* [Task to carry out] Your copy of the lines below must match them exactly and contain no images.

* [Information shown]
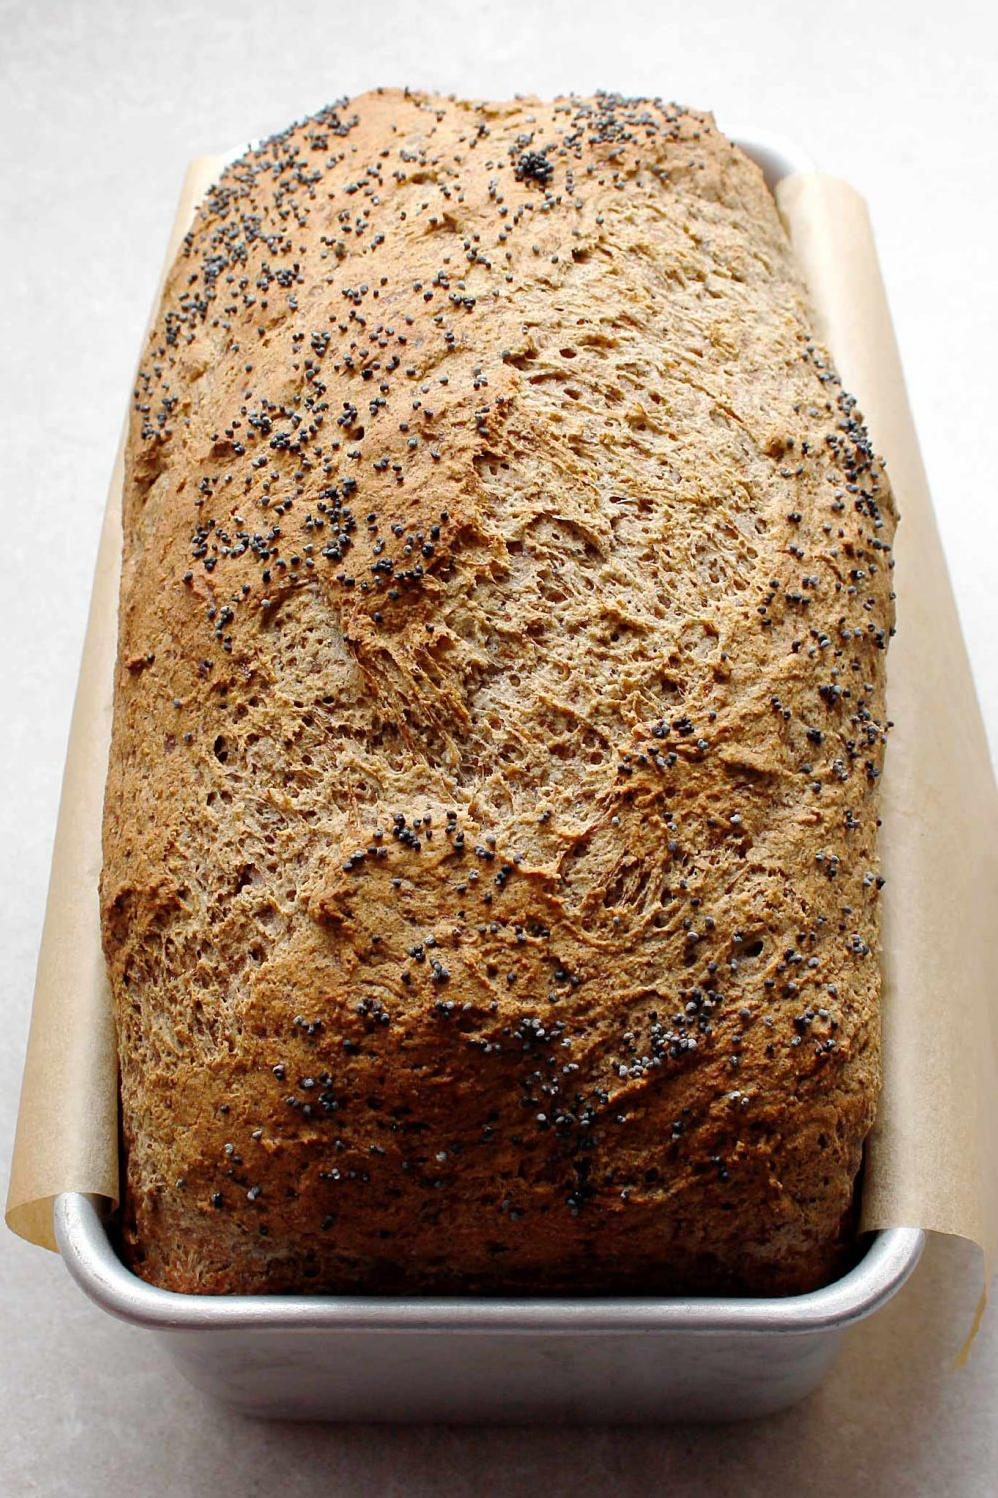  This bread is packed with essential nutrients to fuel your body.
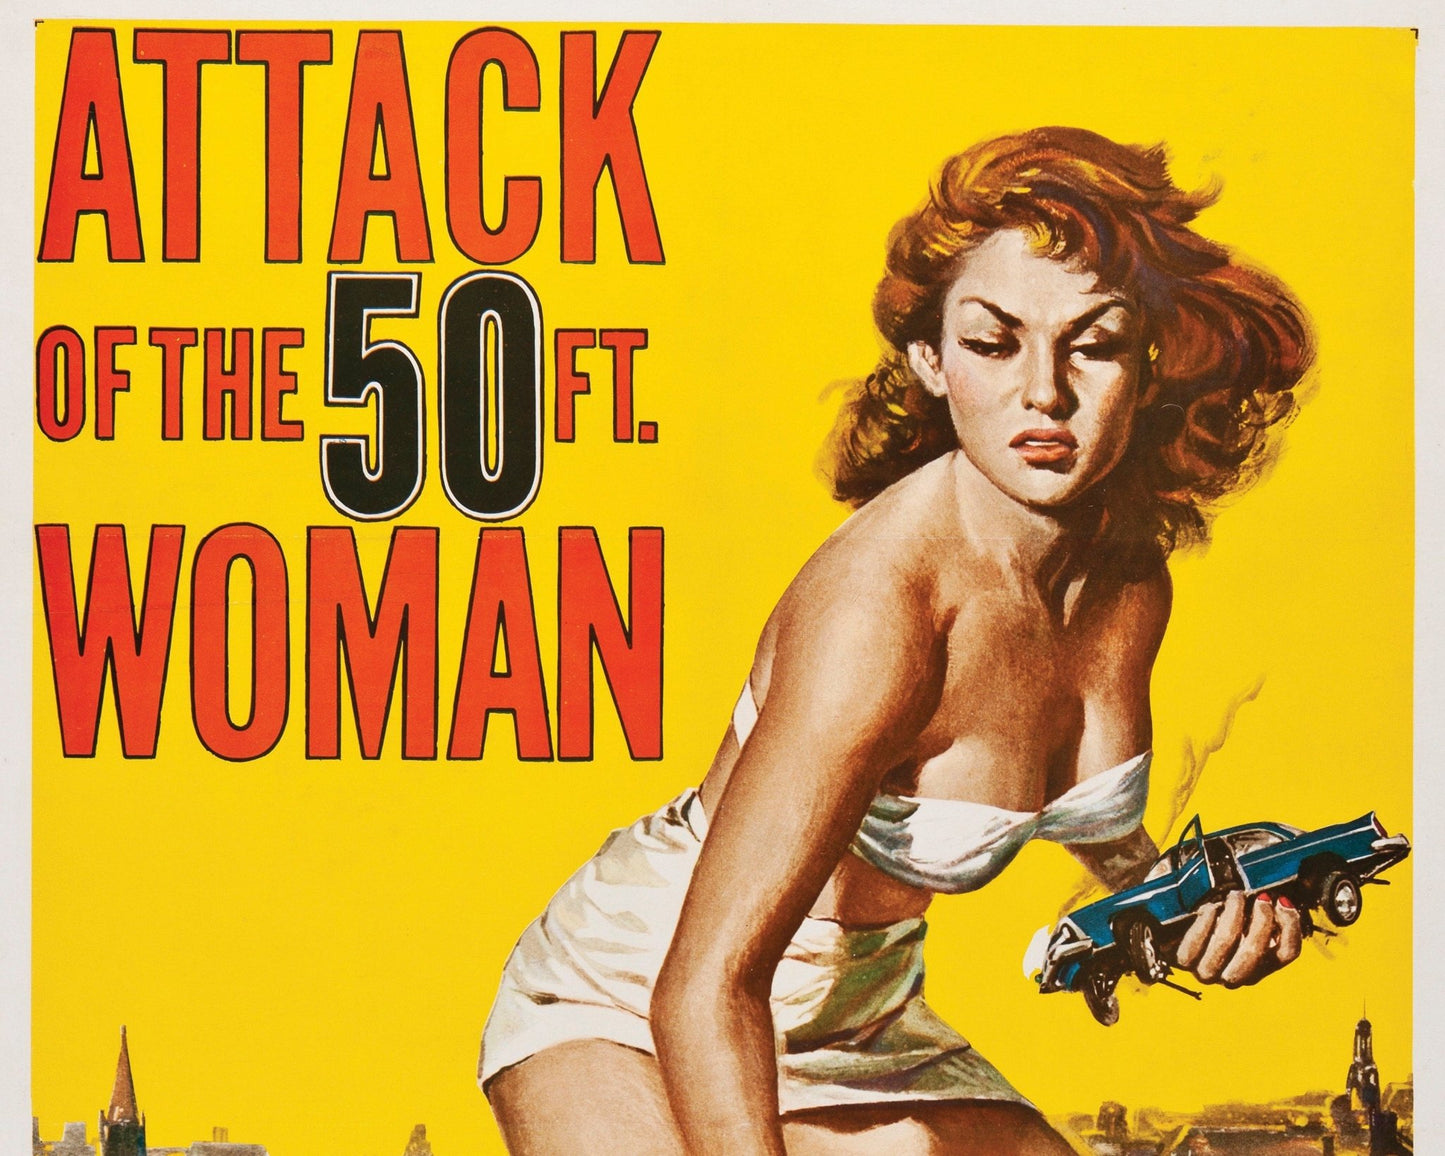 Vintage Movie Poster "Attack of the 50ft Woman" (1958) - Mabon Gallery
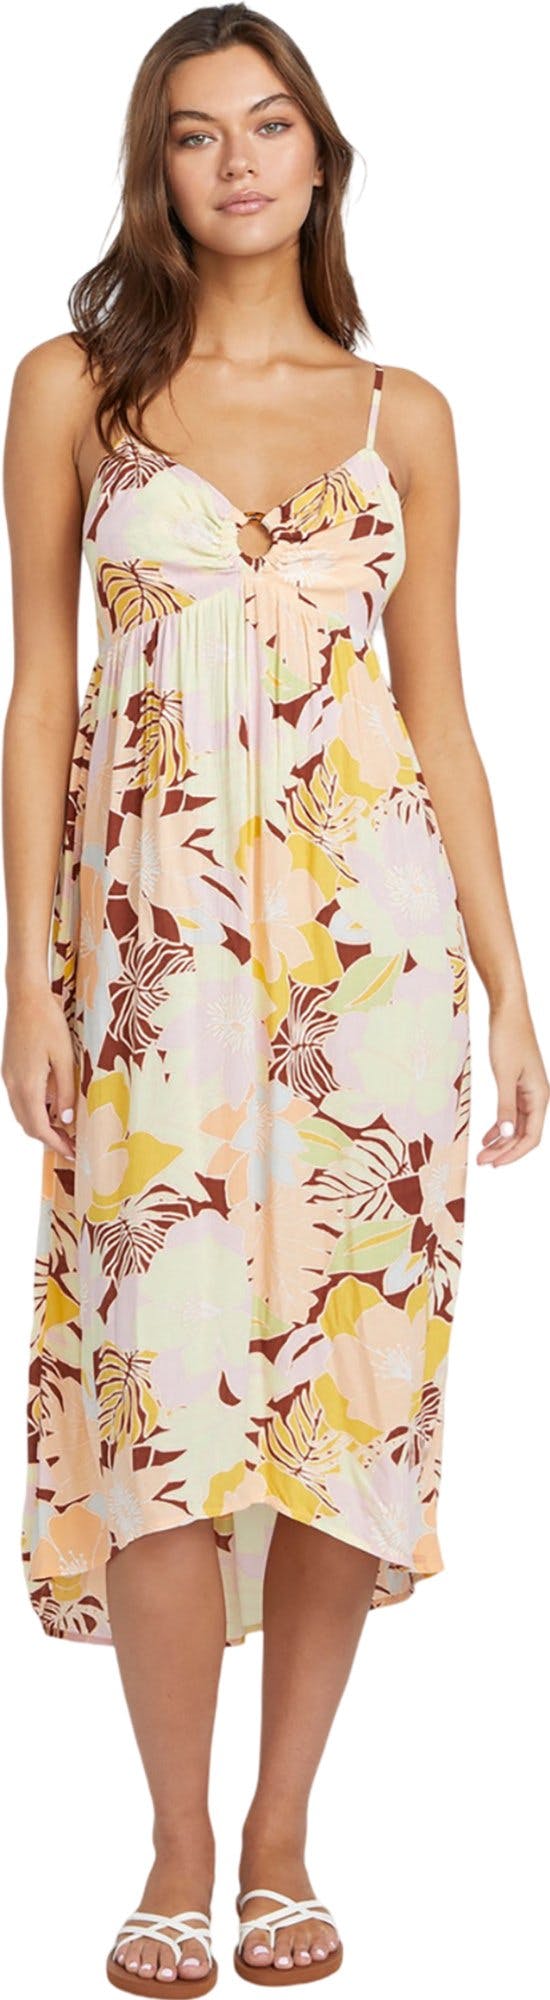 Product image for Oh Lei Maxi Dress - Women's

* [Expected output]
  This bread is packed with essential nutrients to fuel your body.
 Vintage Movie Poster "Attack of the 50ft Woman" (1958) - Mabon Gallery
 Product image for Oh Lei Maxi Dress - Women's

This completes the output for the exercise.